Cooling is required to enable the turbine components to survive and have acceptable life in the very high gas temperatures occurring in modern engines. The cooling air is bled from the compression system, with typically about 15% of the core flow being diverted in military engines and about 20% in civil turbofans. Cooling benefits engine specific thrust and efficiency by allowing higher cycle temperatures to be employed, but the bleed air imposes cycle penalties and also reduces the aerodynamic efficiency of the turbine blading, typically by 2–4%. Cooling research aims to develop and validate improved design methodologies that give maximum cooling effectiveness for minimum cooling flow.

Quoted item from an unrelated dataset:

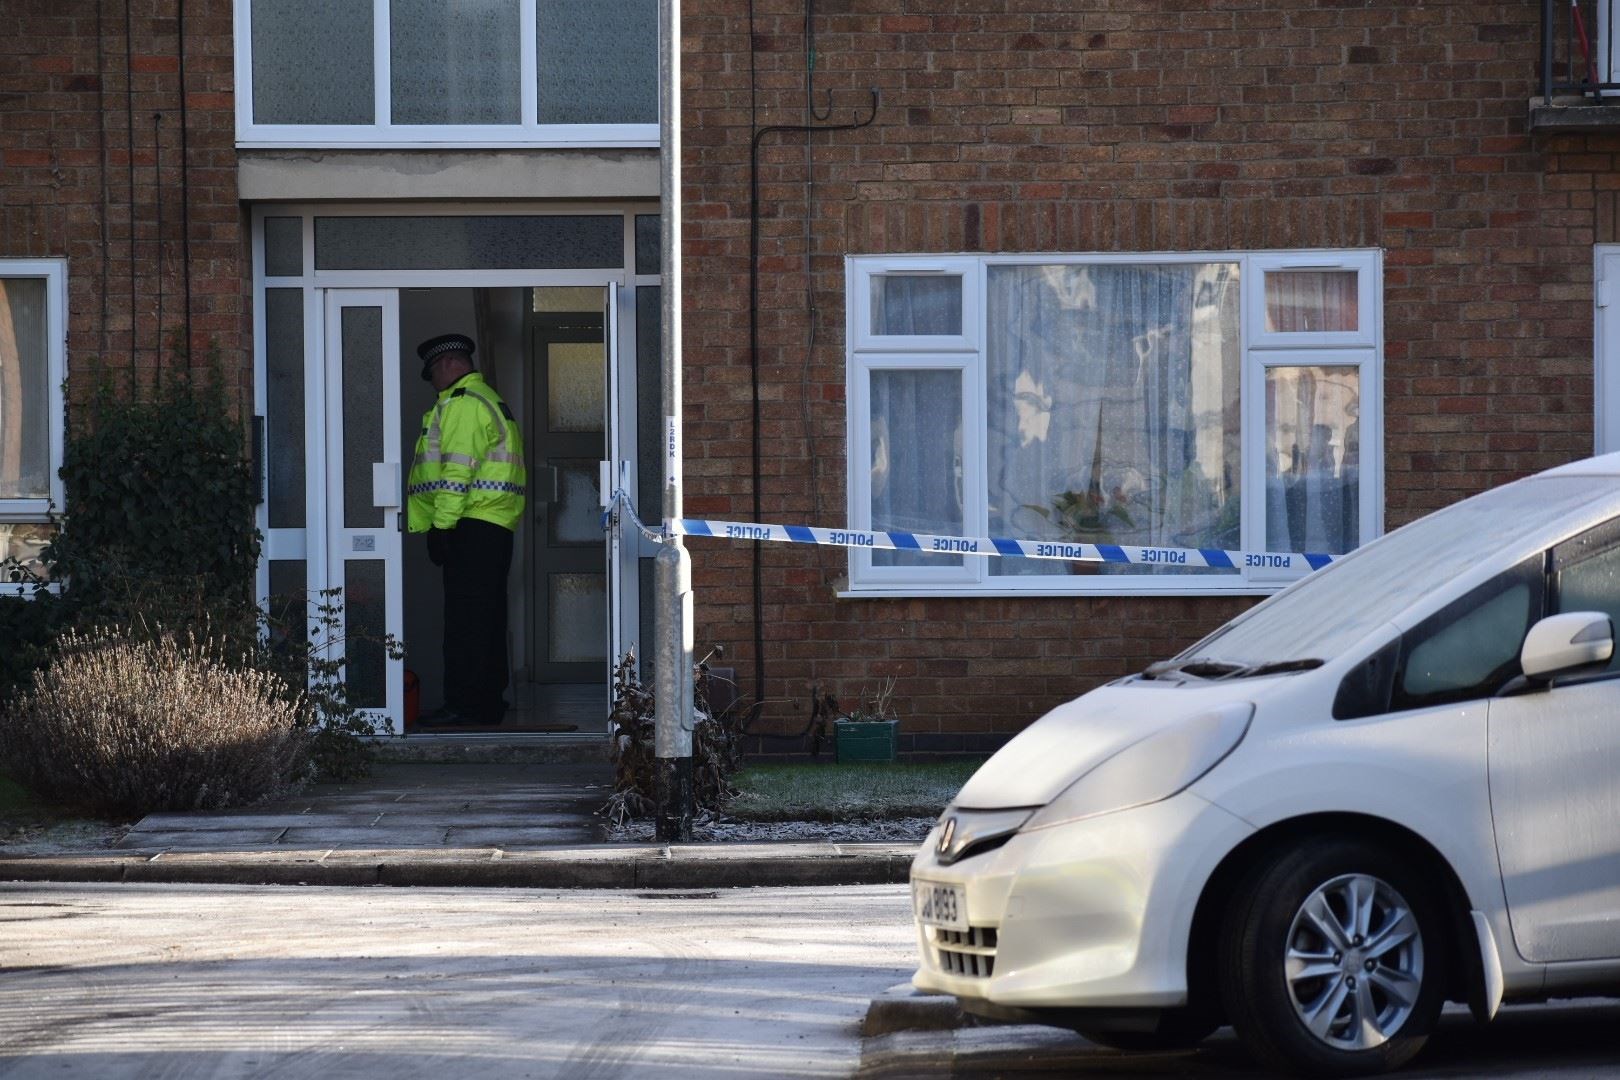 Forensic officers have been seen examining a ground floor flat (Matthew Cooper/PA)

This paper documents external cooling research undertaken in the Isentropic Light Piston Facility at QinetiQ as part of a European collaborative programme on turbine aerodynamics and heat transfer. In Phase I, neither the ngv nor the rotor was cooled; cooling was added to the ngv only for Phase II, and to the rotor and ngv in Phase III. Coolant blowing rates and density ratios were also varied in the experiments. This paper describes the ILPF and summarises the results of this systematic programme, paying particular attention to the variation in aerofoil heat transfer with changing coolant conditions, and the effects coolant ejection has on the aerofoil’s aerodynamic performance.